You make a complicated calculation and come to the conclusion that the temperature (or sea level, or any other characteristic of the system) will change, say, 1% within 100 years. The only thing that can be said
safely of such a calculation is that it is wrong. Complex systems don't change in that way. They flip, i.e. they suddenly change into another state that can not be calculated from the knowledge of their current parts.

Two typical ways of flipping in a complex system. The upper is a 'bifurcation', the system changes into one of two alternate stable states (e.g. a climate changing into a new heat period or a new ice age) the lower is a 'catastrophe' (e.g. a stripped ecosystem that changes into a desert). The main issue is that, after flipping, there is no way back, even if the original variables are restored.

If you live within the system, before the flip, you are unable to predict the flip. You may be able to predict that a flip will come, but not when, because there are very few signs from within that the system will make an abrupt change, and how.
If you live in, say, the upper system, some way from the place when the system is so strained that it will bifurcate, you can not tell when the bifurcation will come, because there are no signs of it.

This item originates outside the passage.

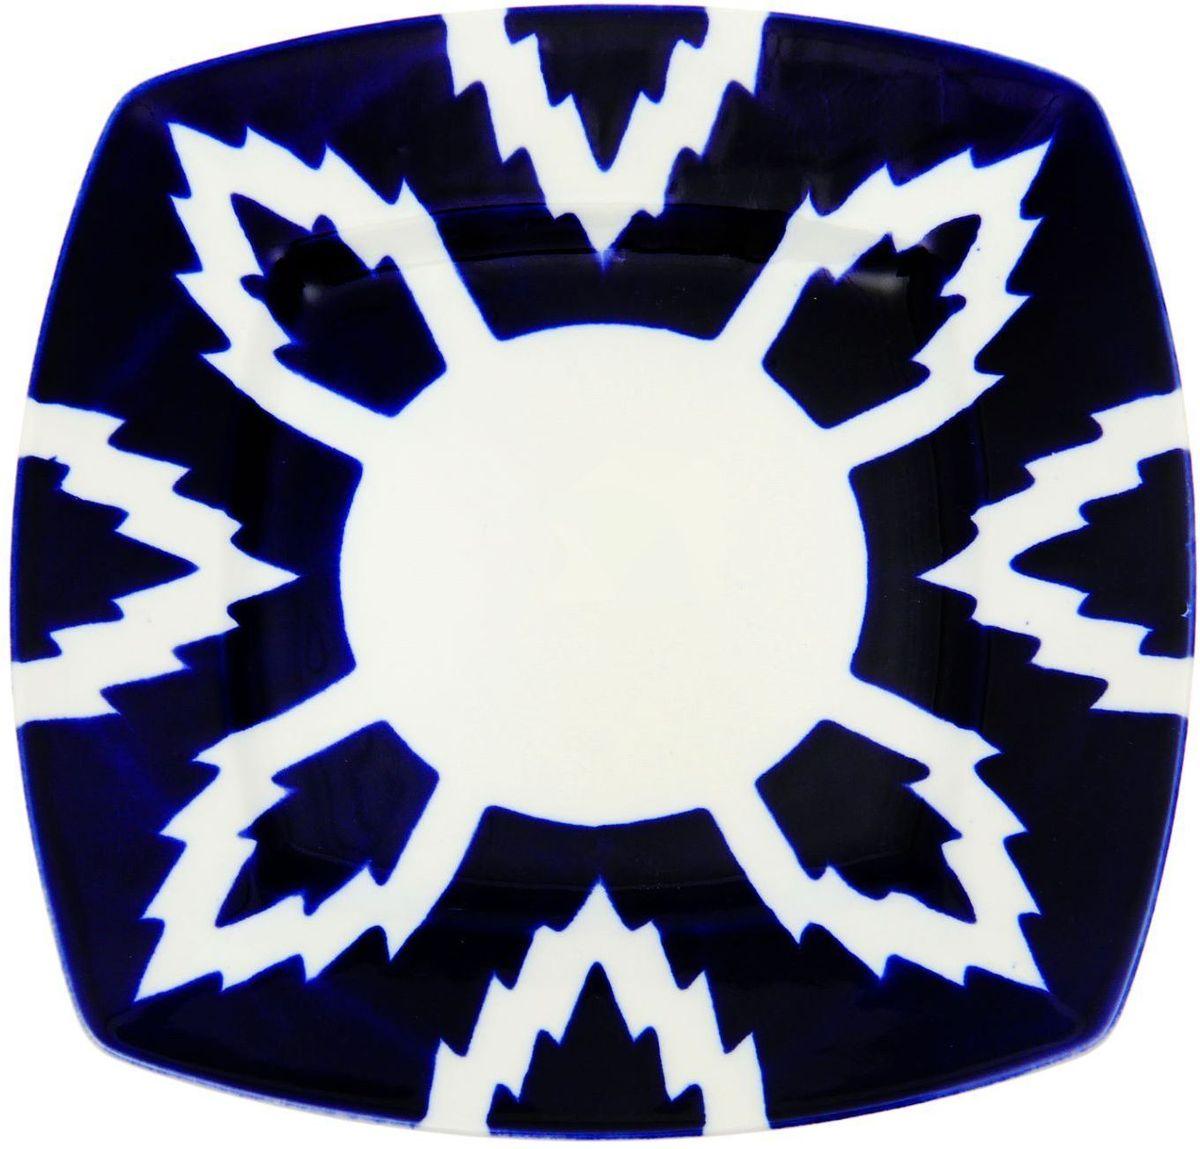 Тарелка Turon Porcelain Атлас, цвет: синий, белый, 20 х 20 см1625400Узбекская посуда известна всему миру уже более тысячи лет. Ей любовались царские особы, на ней подавали еду для шейхов и знатных персон. Формулы красок и глазури передаются из поколения в поколение. По сей день качественные расписные изделия продолжают восхищать совершенством и завораживающей красотой.Данный предмет подойдёт для повседневной и праздничной сервировки. Дополните стол текстилем и салфетками в тон, чтобы получить элегантное убранство с яркими акцентами.Национальная узбекская роспись «Атлас» имеет симметричный геометрический рисунок. Узоры, похожие на листья, выводятся тонкой кистью, фон заливается тёмно-синим кобальтом. Синий краситель при обжиге слегка растекается и придаёт контуру изображений голубой оттенок. Густая глазурь наносится толстым слоем, благодаря чему рисунок мерцает.

The most beautiful (and recent) example of a climate bifurcation was the change into Younger Dryas about 12000 years ago, when the climate of the Northern hemisphere changed from a warm-moist climate into a cold-dry in a period of less than ten years. It lasted about 1300 years, delaying the start of the current interglacial period.

Possible flips
There is a multitude of possible climate flips. Most of them are interacting with each other, making the overall effect highly unpredictable. Examples are such as the calving of the Ross-ice, the loss of the Gulf stream, the thawing of the polar tundra, emitting methane, the loss of the Arctic polar cap. All of those are non-linear changes, unpredictable until they start, almost impossible to revert when they start.

Run up by the scientists
This blog was written in September 2007. Already in Februay 2008, it has become an official truth.
Read the article in Independent.

What can we do?
Treat climate flips as a pack of lions on the savanna; chose another path that leads away from them. Currently, the widest path that leads into a climate flip is the emission of of ghg, notably carbon dioxide. But, as in the case with the lion pack, it is senseless to go slower into the pack (equivalent of emitting less carbon dioxide), you have go backwards, i.e. you have to diminish the carbon dioxide cloud. I.e. reduce it by more than you emit.
Ceterum censeo: You have to bind carbon (in the form of charcoal) at a faster rate than you emit carbon dioxide.
Otherwise it is like standing there, looking at the lions, until they get hungry.